Liu Xiyang, Jiang Jiewei, Zhang Kai, Long Erping, Cui Jiangtao, Zhu Mingmin, An Yingying, Zhang Jia, Liu Zhenzhen, Lin Zhuoling, Li Xiaoyan, Chen Jingjing, Cao Qianzhong, Li Jing, Wu Xiaohang, Wang Dongni, Lin Haotian
School of Computer Science and Technology, Xidian University, Xi'an, China.
School of Software, Xidian University, Xi'an, China.
PLoS One. 2017 Mar 17;12(3):e0168606. doi: 10.1371/journal.pone.0168606. eCollection 2017.
Slit-lamp images play an essential role for diagnosis of pediatric cataracts. We present a computer vision-based framework for the automatic localization and diagnosis of slit-lamp images by identifying the lens region of interest (ROI) and employing a deep learning convolutional neural network (CNN). First, three grading degrees for slit-lamp images are proposed in conjunction with three leading ophthalmologists. The lens ROI is located in an automated manner in the original image using two successive applications of Candy detection and the Hough transform, which are cropped, resized to a fixed size and used to form pediatric cataract datasets. These datasets are fed into the CNN to extract high-level features and implement automatic classification and grading. To demonstrate the performance and effectiveness of the deep features extracted in the CNN, we investigate the features combined with support vector machine (SVM) and softmax classifier and compare these with the traditional representative methods. The qualitative and quantitative experimental results demonstrate that our proposed method offers exceptional mean accuracy, sensitivity and specificity: classification (97.07%, 97.28%, and 96.83%) and a three-degree grading area (89.02%, 86.63%, and 90.75%), density (92.68%, 91.05%, and 93.94%) and location (89.28%, 82.70%, and 93.08%). Finally, we developed and deployed a potential automatic diagnostic software for ophthalmologists and patients in clinical applications to implement the validated model.

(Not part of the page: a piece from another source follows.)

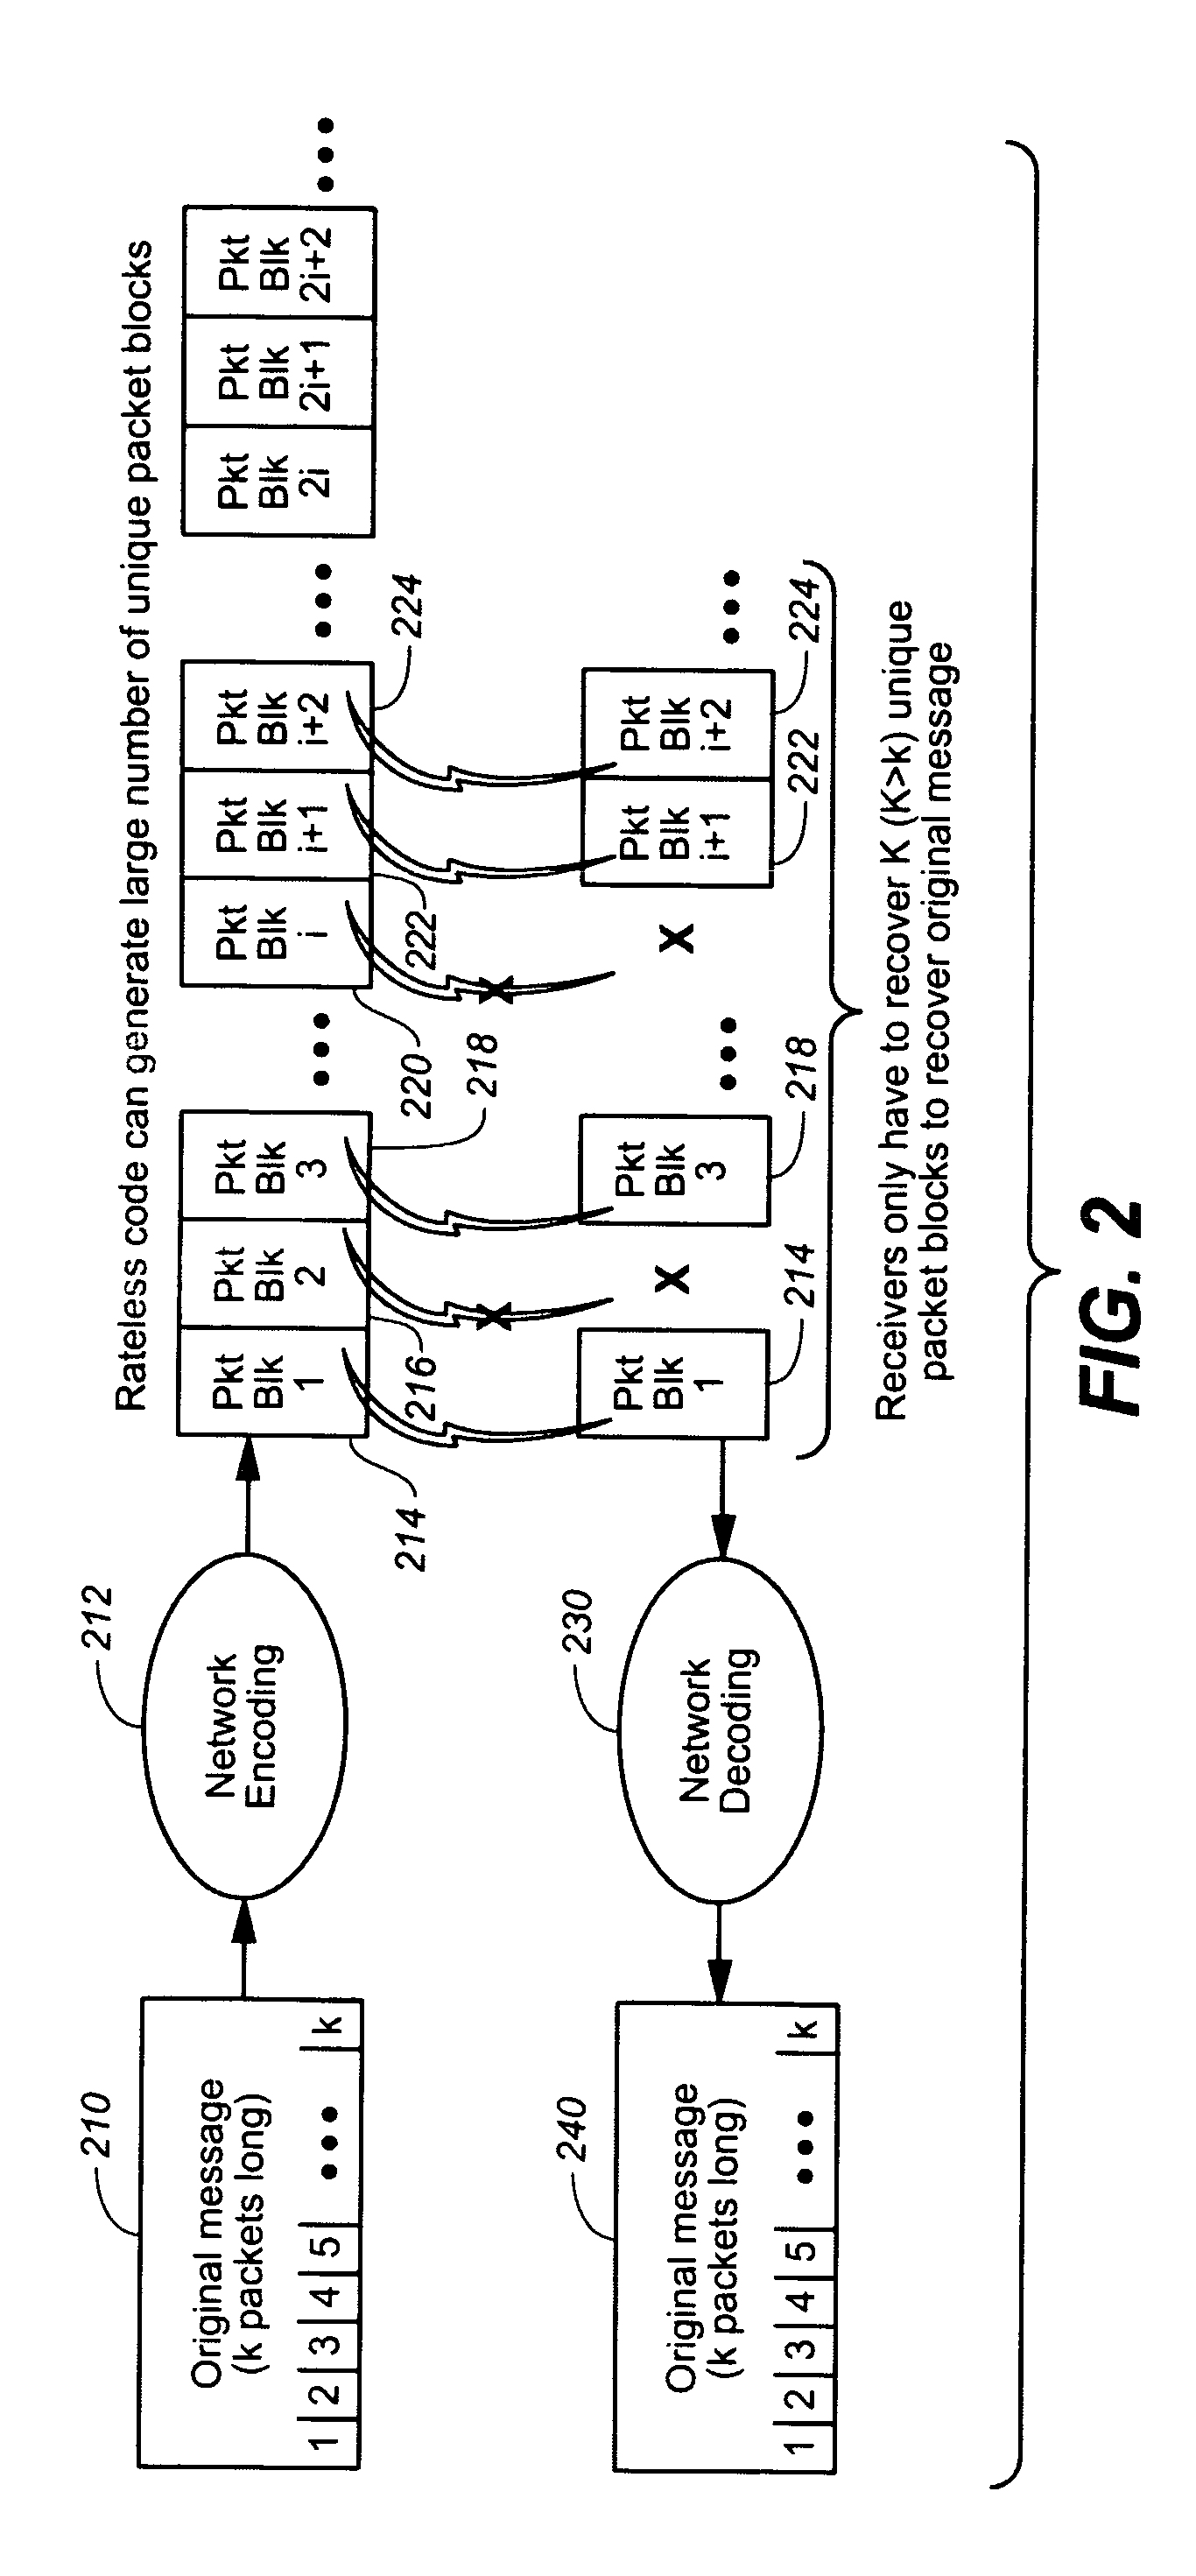 Method and apparatus for multihop network FEC encoding
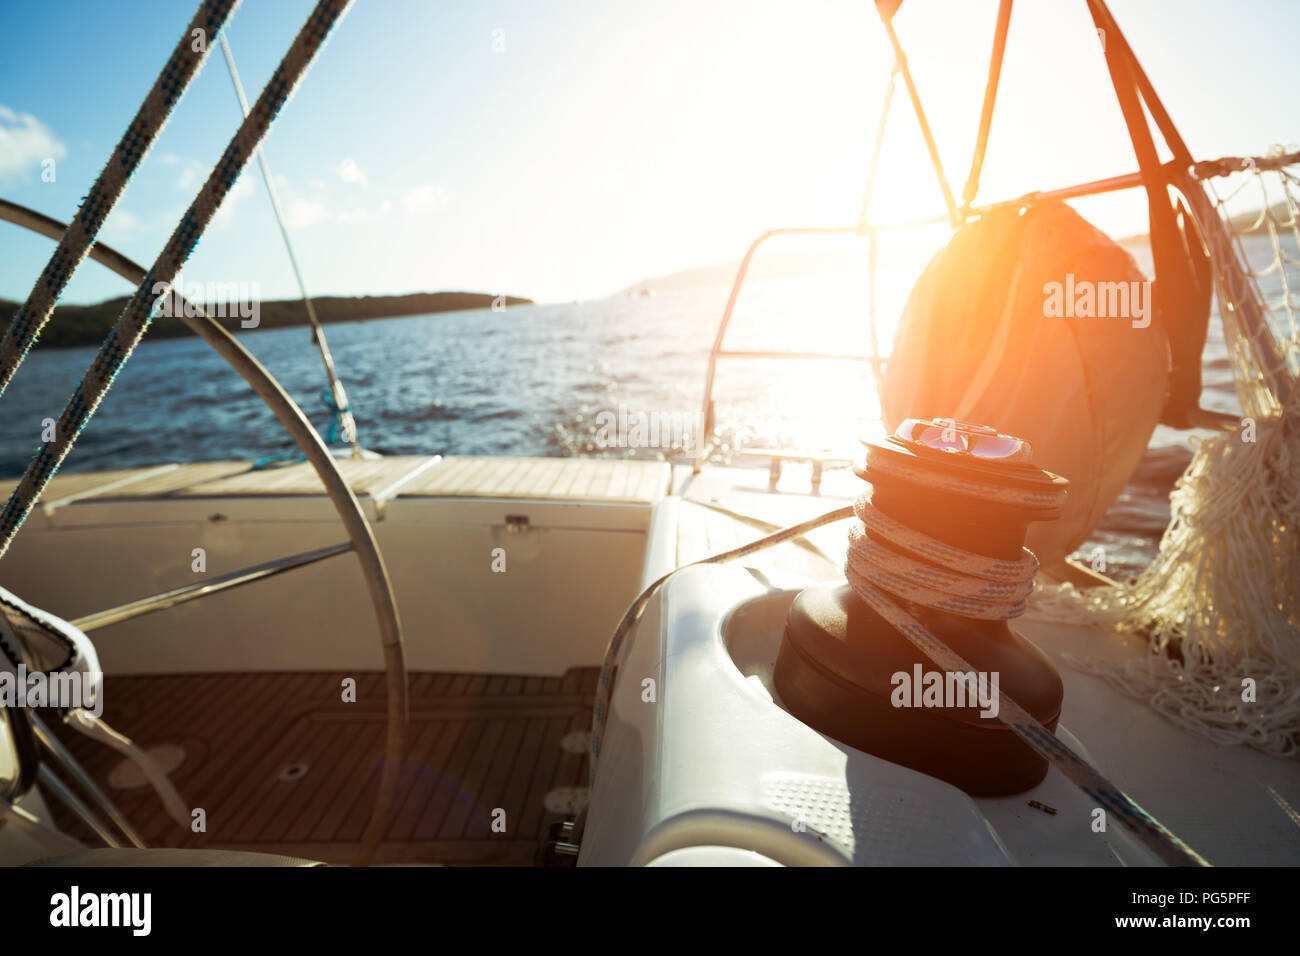 Sailboat with winch and rope on deck Stock Photo

裂隙灯图像在小儿白内障诊断中起着至关重要的作用。我们提出了一种基于计算机视觉的框架,通过识别感兴趣的晶状体区域(ROI)并采用深度学习卷积神经网络(CNN)来自动定位和诊断裂隙灯图像。首先,与三位顶尖眼科医生共同提出了裂隙灯图像的三个分级程度。使用Canny检测和霍夫变换的两次连续应用,以自动方式在原始图像中定位晶状体ROI,对其进行裁剪、调整为固定大小并用于形成小儿白内障数据集。这些数据集被输入到CNN中以提取高级特征并实现自动分类和分级。为了证明在CNN中提取的深度特征的性能和有效性,我们研究了结合支持向量机(SVM)和softmax分类器的特征,并将其与传统代表性方法进行比较。定性和定量实验结果表明,我们提出的方法具有出色的平均准确率、灵敏度和特异性:分类(97.07%、97.28%和96.83%)以及三度分级面积(89.02%、86.63%和90.75%)、密度(92.68%、91.05%和93.94%)和位置(89.28%、82.70%和93.08%)。最后,我们开发并部署了一个潜在的自动诊断软件,供眼科医生和患者在临床应用中使用,以实现经过验证的模型。